U.S. Preparing For Military Draft in Spring of 2005

Legislation in the works: Selective Service System already mobilizing

| May 6, 2004

After the champagne popping from Washington to Crawford, Texas subsides, a re-elected President George W. Bush would reinstate the military draft sometime next spring. Legislation is already on the table in both the House and the Senate, in the form of twin bills S 89 and HR 163, 'in order to staff up for a protracted war on terrorism,' writes Adam Stutz, from Project Censored. Meanwhile, the Selective Service System has received an extra $28 million in funds for this year's budget to fill all 10,350 draft board positions and 11,070 appeals board slots nationwide and put 'troops on the ground in 85% of all American high schools to make sure no one between 18-25 years old slips through the cracks. Schools cannot very easily claim conscientious objector status, by the way. 'Buried deep in the 670 pages of the No Child Left Behind Act there is a provision which requires that public high schools give military recruiters access to facilities and also contact information for every student -- or else face a cutoff of federal aid,' writes Connor Freff Cochran of AlterNet.

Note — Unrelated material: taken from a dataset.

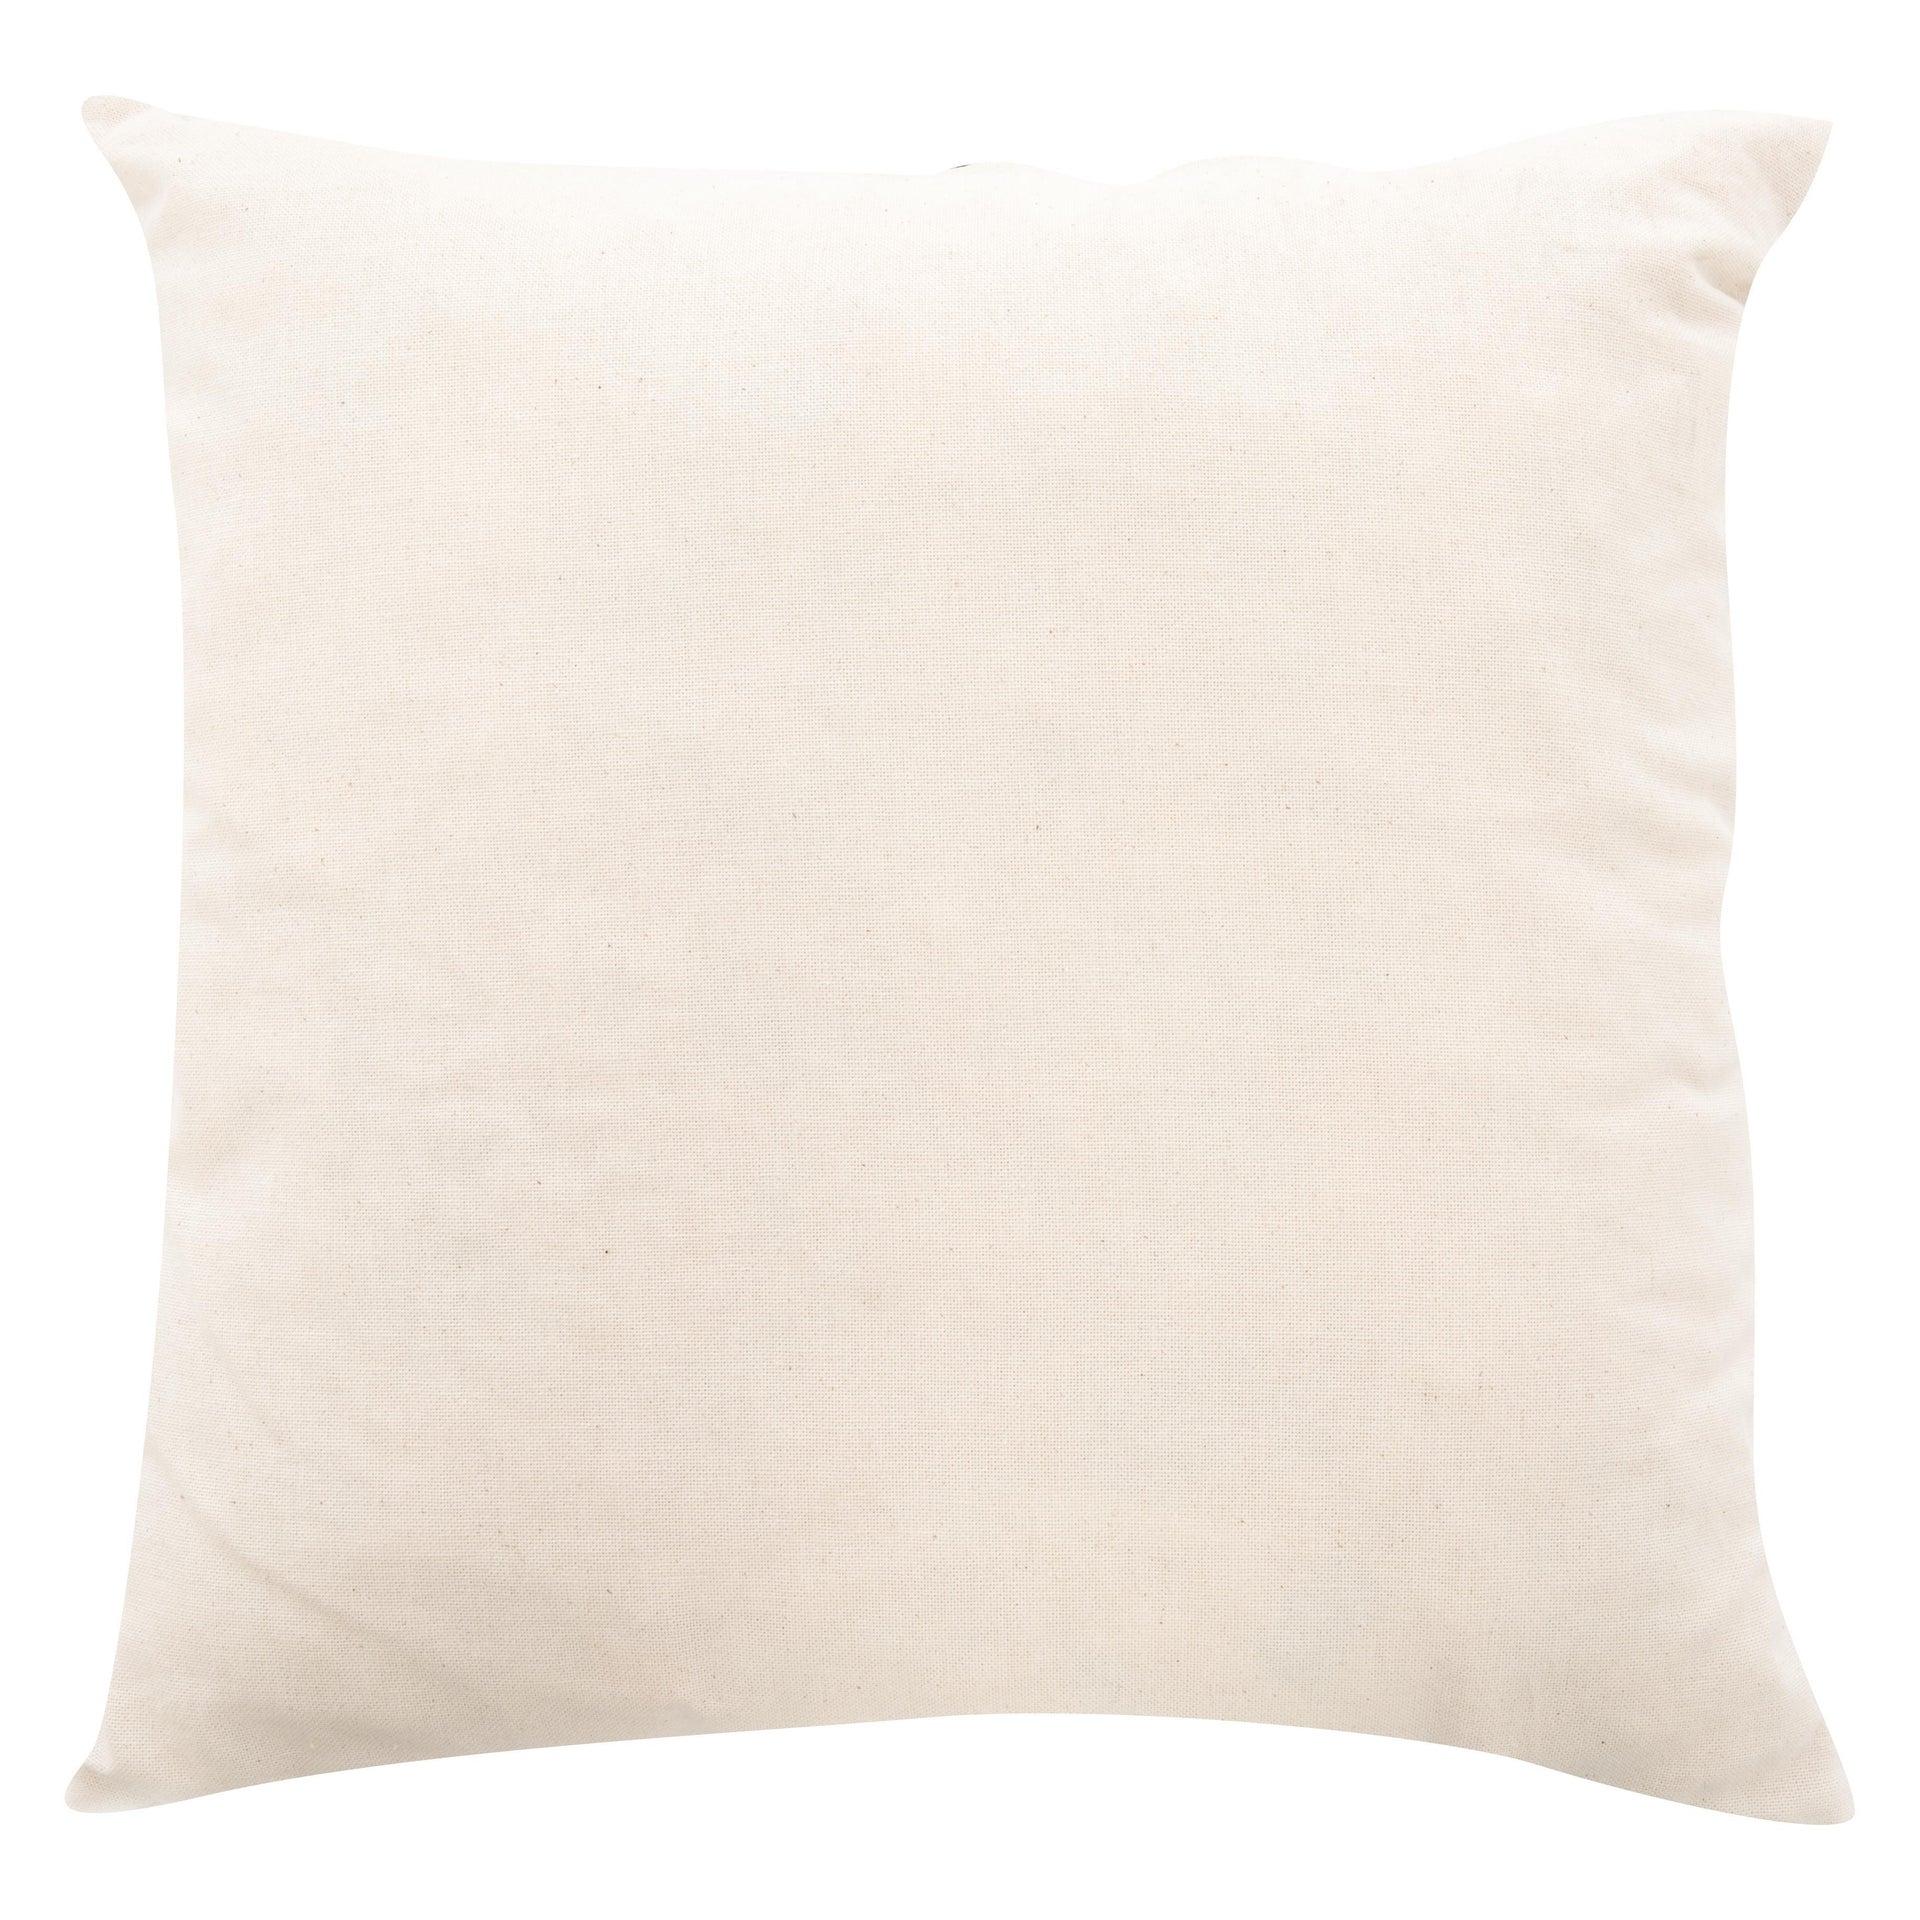 Cuscino da esterno BRASILE multicolore 120 x 80 x Sp 80 cm , 4 pezzi - 8

More than 30 years after the last young man was sent off to Vietnam to be slaughtered in a war ultimately so unpopular that many Americans believe the selective service will never again rear its ugly head, the Bush administration's motives for reinstating the draft are clear (especially if the Pentagon unilaterally attacks a third country this fall before the election). Cochran writes: 'Twenty-one of the US Army's 33 regular combat brigades are now on active duty in the 'hot' zones of Iraq, Afghanistan, South Korea, and the Balkans. That's 63 percent of the Army's fighting force. This is a huge overextension. History has proven that long-term military operations can only be sustained if you have twice as many soldiers waiting in the pipeline as are stationed out in the field. By that rule of thumb, the regular military is now 125,000 soldiers short.'

And 'draft dodging' would not be as easy as it was during the Vietnam Conflict, since attending college, being female, or fleeing to Canada could not be used as shelters this time around. Stutz writes, 'underclassmen would only be able to postpone service until the end of their current semester. Seniors would have until the end of the academic year.' Meanwhile, shortly after the 9/11 terrorist attacks, 'Canada and the U.S. signed a 'Smart Border Declaration,' which could be used to keep would-be draft dodgers in [the United States].' Hold your boys close, mommas. If Bush wins in November, they could be trading their high school diplomas in for dog tags.